2. The method according to claim 1, wherein said replacing the dialect phrase with the standard language, after obtaining the updated textual description, further comprises:

and if the confidence of the second participle is larger than a second preset threshold value, responding to the updated text description content.

3. The method according to claim 2, wherein after performing word segmentation processing on the updated text description content to obtain a second word segmentation confidence of the updated text description content, the method further comprises:

and if the confidence of the second participle is less than or equal to the second preset threshold, responding to the text description content.

4. The method of claim 1, wherein after obtaining the pinyin corresponding to each word group included in the first segmentation result, the method further comprises:

and detecting whether the Chinese pinyin exists in the Chinese pinyin database by adopting a bidirectional maximum matching algorithm.

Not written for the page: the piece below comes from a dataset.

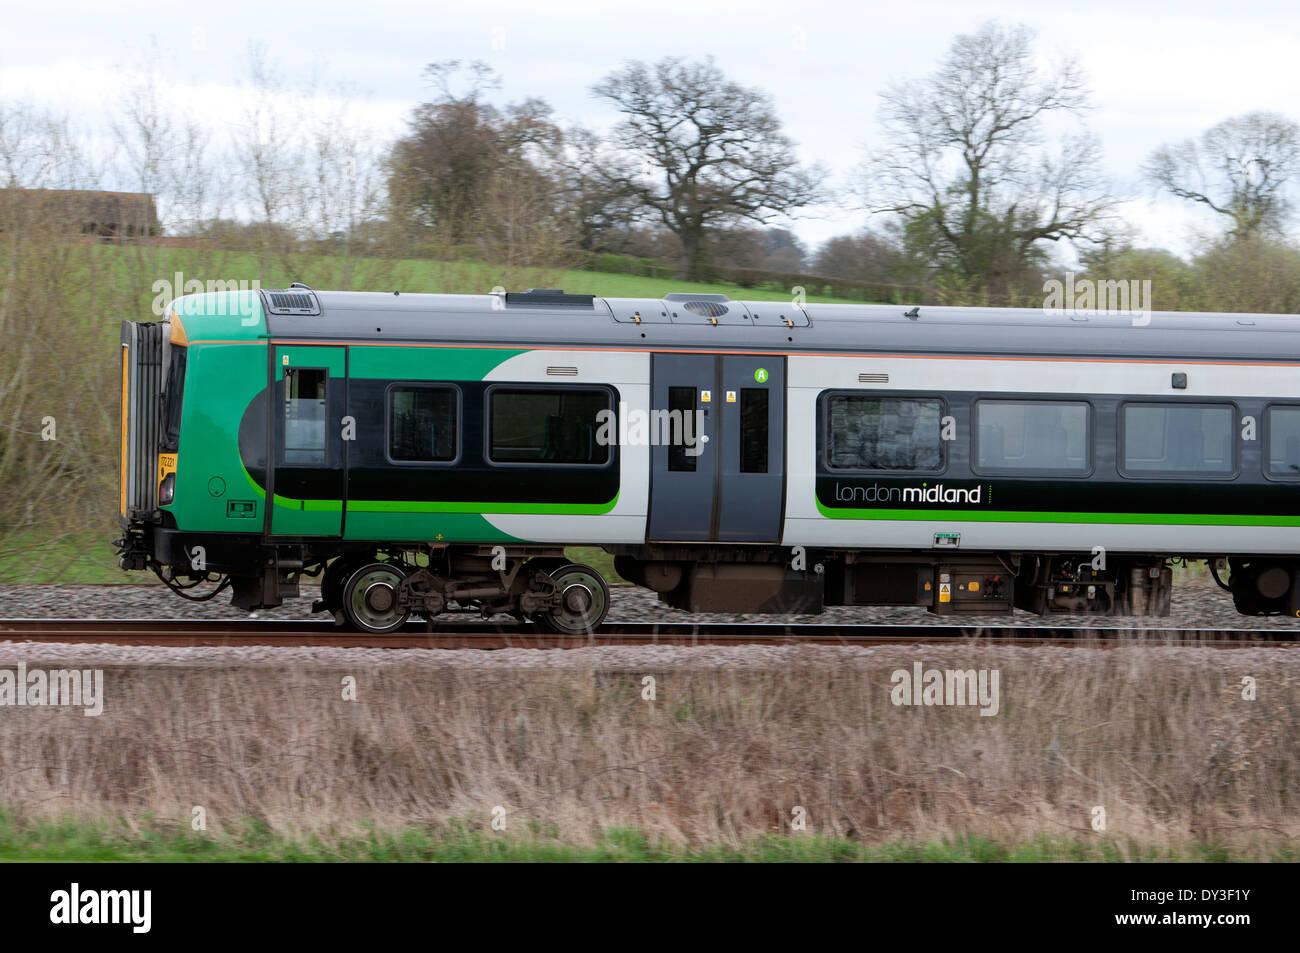 London Midland train, Hatton North Junction, Warwickshire, UK - Stock Image

5. A media processing apparatus, characterized in that the apparatus comprises:

the word segmentation module is used for carrying out word segmentation processing on the text description content according to a target word segmentation algorithm to obtain a first word segmentation result, and the first word segmentation result comprises at least one word group;

the word segmentation module is further used for performing word segmentation processing on the text description content according to a check word segmentation algorithm to obtain a second word segmentation result, and the second word segmentation result comprises at least one word group;

the obtaining module is used for comparing at least one phrase included in the first segmentation result with at least one phrase included in the second segmentation result to obtain the similarity between the first segmentation result and the second segmentation result;

the acquisition module is further used for obtaining a first segmentation confidence coefficient of the first segmentation result according to the similarity;

the obtaining module is further configured to obtain pinyin corresponding to each phrase included in the first segmentation result if the first segmentation confidence is smaller than a first preset threshold;

6. The media processing device of claim 5, wherein the device further comprises a response module,

the word segmentation module is further configured to perform word segmentation processing on the updated text description content to obtain a second word segmentation confidence of the updated text description content;

and the response module is used for responding to the updated text description content if the confidence of the second participle is greater than a second preset threshold.

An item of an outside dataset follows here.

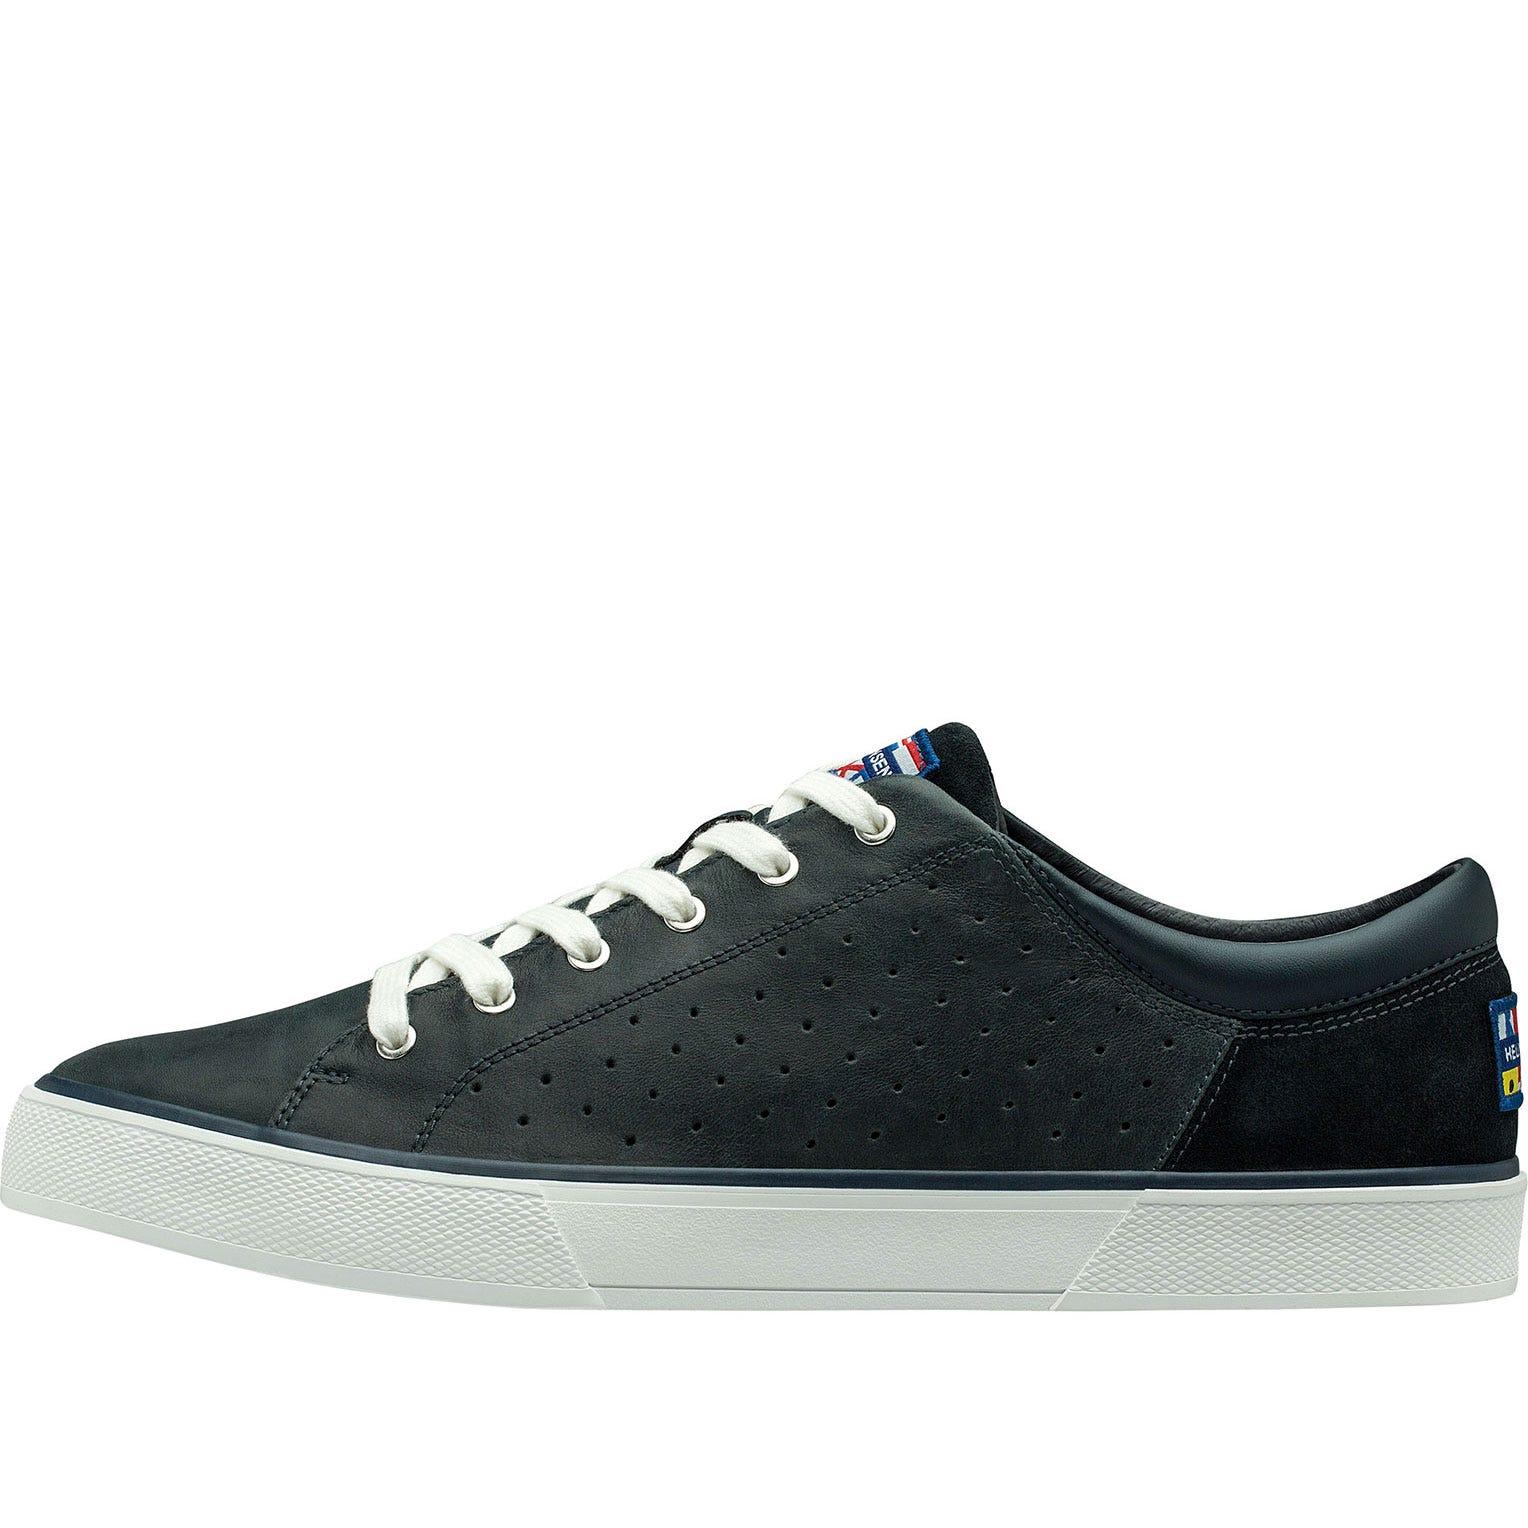 Helly Hansen Mens Casual Shoe Navy 7.5

7. A terminal, characterized in that it comprises a processor, an input device, an output device and a memory, said processor, input device, output device and memory being interconnected, wherein said memory is used to store a computer program comprising program instructions, said processor being configured to invoke said program instructions to perform the method according to any of the claims 1-4.

8. A computer-readable storage medium, characterized in that the computer storage medium stores a computer program comprising program instructions that, when executed by a processor, cause the processor to carry out the method according to any one of claims 1-4.